Best Supplements Before, During, and After Exercise
Regular exercise is a cornerstone of good health. Without it, our bodies don’t function properly and we become more susceptible to chronic diseases, including heart disease, high blood pressure, diabetes, stroke, and some types of cancer. To make the most of your health-boosting exercise habits, support your body before, during, and after every session of walking, running, playing, and sweating.
If you take medications or have other health concerns, check in with your doctor before you add any new dietary supplements or products into your self-care routine.
Probiotics. The probiotic Lactobacillus casei may increase infection-fighting antibodies, decrease the risk of upper-respiratory tract infections, and decrease the likelihood of training interruptions in endurance athletes working out an average of ten hours per week. A dose of 6.5 billion bacteria, or colony forming units (CFUs), taken twice daily, appears to be effective.
Beta-glucan. Found in the cell walls of plants, yeast, and mushrooms, one particular beta-glucan, called pleuran, is derived from the mushroom Pleurotus ostreatus. Taking 100 mg daily may increase infection-busting natural killer cells and lessen the risk of upper-respiratory tract infections in endurance athletes.
Vitamin C. Taking 400 mg of vitamin C daily for several days prior to and after an intense exercise session may reduce pain and speed muscle recovery. Be sure to plan in advance, because taking vitamin C only after exercise does not appear to be as effective.
Creatine monohydrate. More than 40 controlled trials show that taking 15 to 25 grams of creatine daily for five or six days can improve performance of single or repetitive bouts of short-duration, high-intensity exercise, such as weight lifting; sprinting by runners, cyclists, or swimmers; and athletic training regimens that focus on speed and power, such as plyometric training.
Electrolytes. For an average sweat session, use plain water for hydration. However, if you’re going to workout for more than an hour, or the weather is hot, try fluids with electrolytes. Choose a product that provides sodium and potassium (the electrolytes lost in the largest amounts). For extreme endurance, you may need to supplement magnesium and chloride as well.
Carbohydrates. As with electrolytes, moderate sweat sessions don’t require replacing carbohydrates during your activity. For more intense bouts of physical activity, try easily digestible carbs, such as those found in some sports drinks, gels, and bars.
Protein. Most people do not need protein during a workout. However, if you’re training for several hours, or combining strength and cardiovascular activities, protein may aid your efforts. Use a fast-digesting protein, such as whey, and take it only in modest amounts, up to 10 grams, at a time. Avoid large amounts of protein during workouts, which may cause gastrointestinal discomfort.
Carbohydrate-protein combinations. Exercise experts note that a combination of fast-digesting carbohydrates and protein is best to refuel spent muscles. Look for a product that provides around 200 to 300 calories, in a ratio of 4 grams of carbohydrate for every gram of protein. For best effect, eat or drink your carb-protein mixture within 30 to 60 minutes of completing exercise.

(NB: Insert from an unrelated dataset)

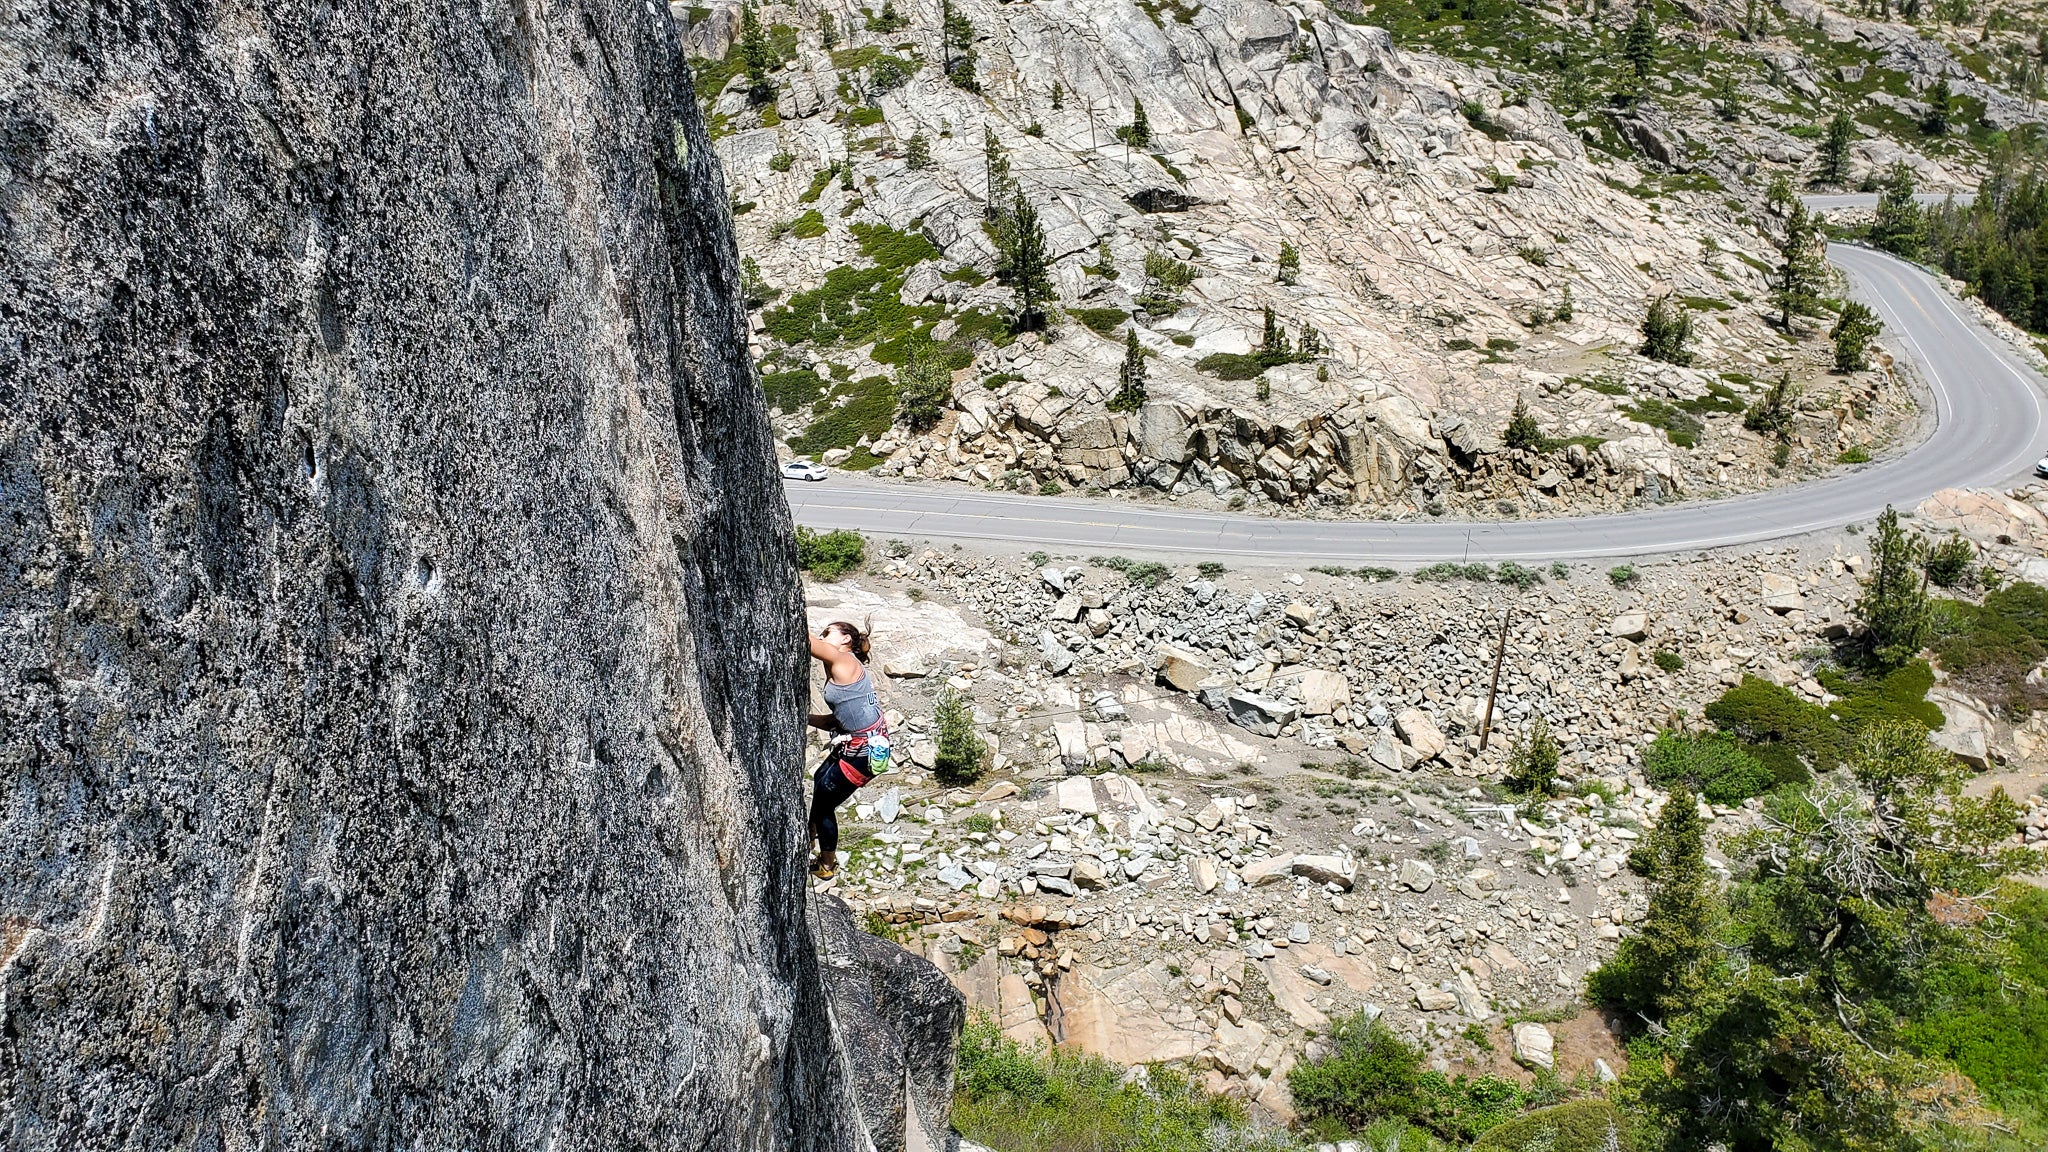 Climbing granite with a rock climbing guide on Donner Summit in Truckee, CA

Bromelain. If you’ve overdone it with a workout, consider bromelain. It is most effective for soft tissue injuries, such as sprains and strains, and should be taken until swelling and bruising are gone—for a few days to a few weeks. Follow package instructions for proper use, which typically call for 4 to 8 tablets daily.
Capsaicin. Capsaicin creams are used topically—applied to the skin over affected areas—and have been shown to alleviate joint pain, especially pain associated with osteoarthritis. Follow package instructions for proper use, and avoid getting products into sensitive areas, such as the eyes or nose.